Senators on the Homeland Security and Governmental Affairs Committee have opened a new legislative salvo in the fight against improper payments: helping agencie...

Senators on the Homeland Security and Governmental Affairs Committee have opened a new legislative salvo in the fight against improper payments: helping agencies stop payments to dead people.

Sens. Tom Carper (D-Del.) and Tom Coburn (R-Okla.), the chairman and ranking member, respectively, of the committee, introduced the The Improper Payments Agency Cooperation Enhancements (IPACE) Act last month, aiming to give agencies new tools to combat erroneous payouts to deceased recipients.

The new legislation would allow all federal agencies to access basic death data maintained by the Social Security Administration and require they use it to curb improper payments. Currently, most agencies are only granted access to an abridged version of what’s known as the Death Master File.

“We want to make sure that federal agencies have access to it — not to some other slimmed-down, incomplete, less timely version of the Death Master File but actually to the real deal,” Caper said in an interview on In Depth with Francis Rose.

In a 2010 report, Coburn’s office found agencies paid more than $1 billion to dead people between 2000 and 2010. The inspector general of the Office Personnel Management reported in 2011 that agency, alone, had paid more than $600 million to the deceased since 2006.

Overall, the government makes about $100 billion in improper payments each year.

The latest bill would also improve the quality of the data maintained in the Death Master File by allowing agencies — the Defense Department or the Veterans Affairs Department, for example — to share death notices directly with SSA. Such two-way communication doesn’t currently happen, Carper said.

Carper predicts widespread bipartisan support

Carper said he believes the bill will garner widespread bipartisan support. The oversight committee has already reported it out on a unanimous vote, Carper said.

Congress returns from its August recess next week but faces a crammed calendar of must-do items, such as passing a fiscal 2014 budget or at least a stopgap funding measure.

Still, Carper predicted a strong appetite both in Congress and the agencies, themselves, for the legislation.

“Agencies right now are struggling with sequestration … trying to avoid furloughing people and trying to avoid having to cut back on programs that are critical,” he said. “So, there’s every incentive to identify money that’s being wasted — and it’s harder to find an example of money that’s being wasted than sending it to people that are dead.”

The legislation is the latest in a series of bills approved by Congress aiming to tackle improper payments.

Just last year, Congress enacted the Improper Payments Elimination and Recovery Improvement Act, which reinforced an Obama administration mandate that agencies consult a “Do Not Pay” list before sending checks out the door.

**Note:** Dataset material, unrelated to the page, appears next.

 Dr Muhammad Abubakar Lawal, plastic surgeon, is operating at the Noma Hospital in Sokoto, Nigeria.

Carper confident on postal reform

Also at the top of Carper’s legislative priorities list is enacting comprehensive postal reform legislation.

As massive losses have piled up at the U.S. Postal Service, Congress has remained stalemated over potential legislative fixes.

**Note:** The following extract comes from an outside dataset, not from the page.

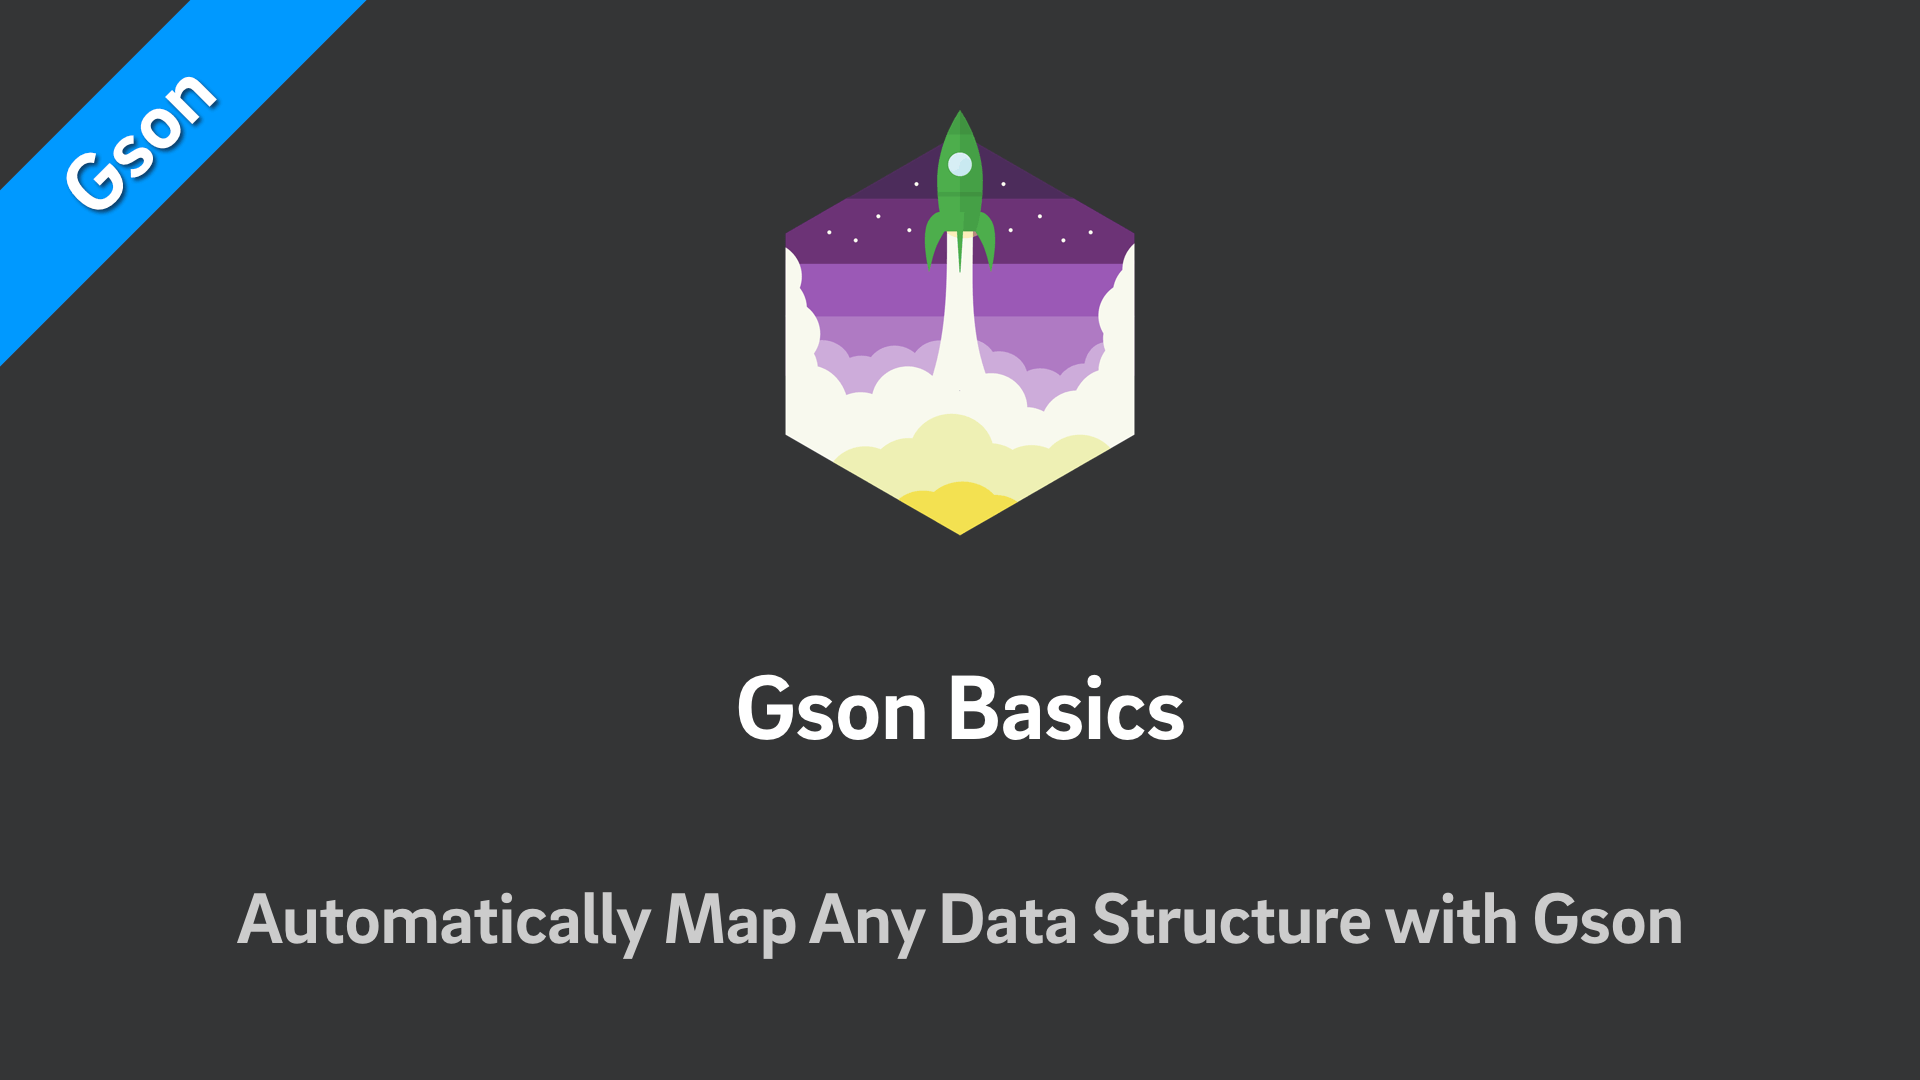 Gson Basics

But Carper said lawmakers came close to a deal last year — and that has helped lay the groundwork this time around.

“We got the ball in the red zone,” Carper said. “In football, that means we got the ball inside the 20-yard line. … We didn’t get the ball in the end zone. If we’d done that, we would’ve got a compromise and it would have been enacted. But we had pretty good experience in negotiating with them.”

Last month, Carper and Coburn introduced a draft postal reform bill proposal earlier this month. The House Oversight and Committee Reform Committee is further along in the process, having approved last month a postal overhaul, which sends the measure to the full House for a vote.

Caper said his committee will hold two hearings in September to gather input on the proposals.

“If all goes well, my hope is that we’d be able to mark it up and report a bipartisan bill out of committee sometime in the first half of October,” he said.